Well, Claire, good thing you're young. I figured no one marginally older than you had said it yet, and I really wanted to be an asshole. There you have it.

It's brave to live someplace you aren't from. It's brave and difficult. I've studied in Belgium as a teenager and France as a college student and just never could reconcile all the Europhilia of many Americans. Without getting into the vast realm of political troubles facing Europe, I missed just not being me, feeling like I never saw a person of color unless they were in a subservient role, and McDonald's. Okay, I didn't miss McDonald's because I would go to the one in my town once a week and get a hot fudge sundae.

It's funny how sometimes when you can make any decision you want, it's the one you didn't see yourself making that's the hardest. Seriously, I read that in like the 2nd Harry Potter and cried for days. But Dumbledore said it better.

Benson said...

You sure know how to get to me. I too have had to make those kinds of gutwrenching decisions and some tears had to fall. I don't know what to say right now but you are in my thoughts and prayers.
You write so damn good. don't stop.

No Wetsuit Girl said...

I just want to thank everyone for all their support. I'm trying to take my time making this decision and not let anyone pressure me to force it. I'm really going to be paying attention to ME when I get home, and will be doing the things I love when I'm there to try to get an idea of how my life would be different.

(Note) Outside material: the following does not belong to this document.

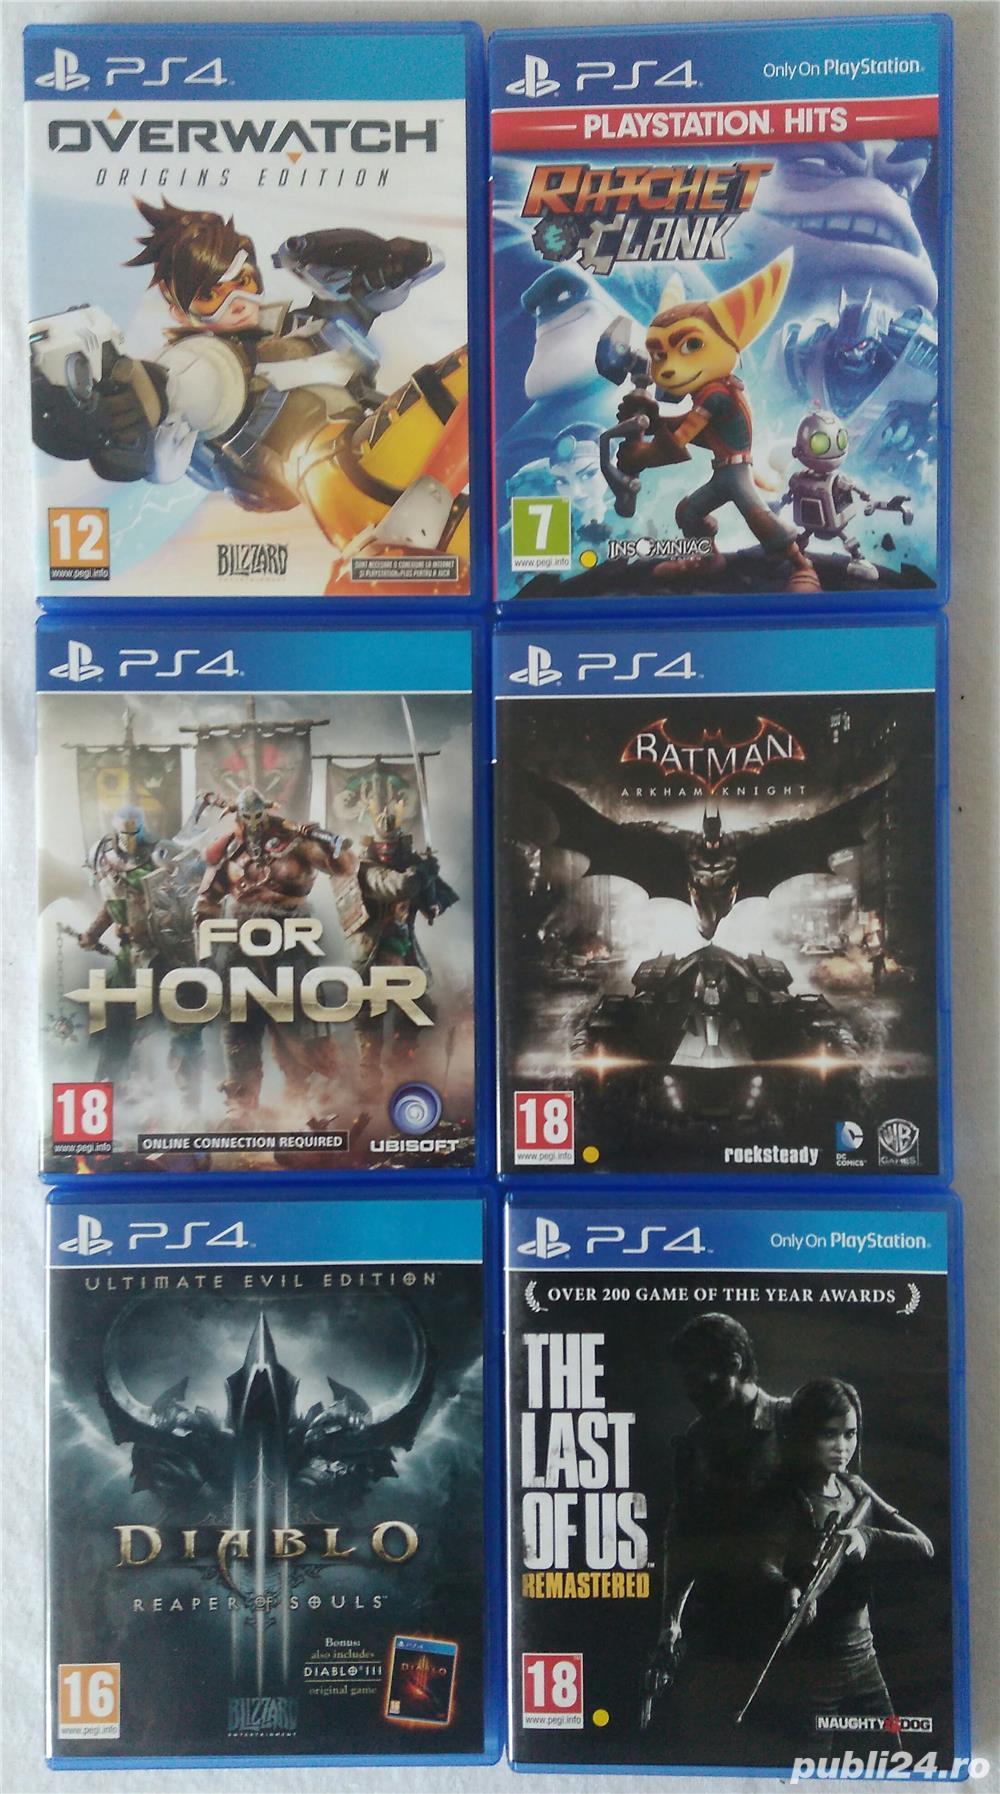 Jocuri PS4: Crew2, Spiderman, Homefront, Inpatient etc.

Thank you all for your kind responses, prayers, and thoughts. It helped me a lot to write the post, but if I hadn't put it up there for the public I don't think I would have given so much credit to what I was feeling. Thank you all so much for reading and thinking about me.

Phoenix: Who DOESN'T want to be friends with Ani Difranco? Although I'd be afraid of saying something ignorant around her and then she'd hate me.

Ludwig: Don't worry, I'm going to keep writing, it's what I do. But how is it fair that you can hunt me down and you don't even have a blog for me to read? ;)

Angry: I think you're right about the "excesses" in the US, and when you go to Europe it's amazing to see that you don't NEED a drier, dishwasher, 15-room house to live. BUT, in the middle of winter when your clothes take 5 days to dry and they come off the line stiff as a board, you think driers are pretty charming.

WW:I'll sell you my Microsoft Paint + Blurry Picture program for $50, what do you think?

Renee: I'M YOUNG?! Oh my god, how come no one ever told me?! Thanks for putting my feelings so much more eloquently than I ever could. Yes, I DO feel like that about Europe. And what is it about McDonald's ice cream in Europe? I NEVER go to McD's at home, but here I have the ice cream about once a month...

Benson: Thanks for the vote of confidence. It's nice to know that people do in fact survive decisions like these.

Anonymous said...

Sorry forgot to put in the web address.

You can hunt me down now.

rocketpants said...

Thanks for sharing your struggle. You have a lot on your plate right now and I think it is wise of you just to evaluate your time in Spain before you come back to the US and then just 'see' what happens and how you respond when you come back.

I've been through a similar struggle in my past, after living overseas for 3 years. It may take awhile to sort out the details of where you need to be. Best of luck.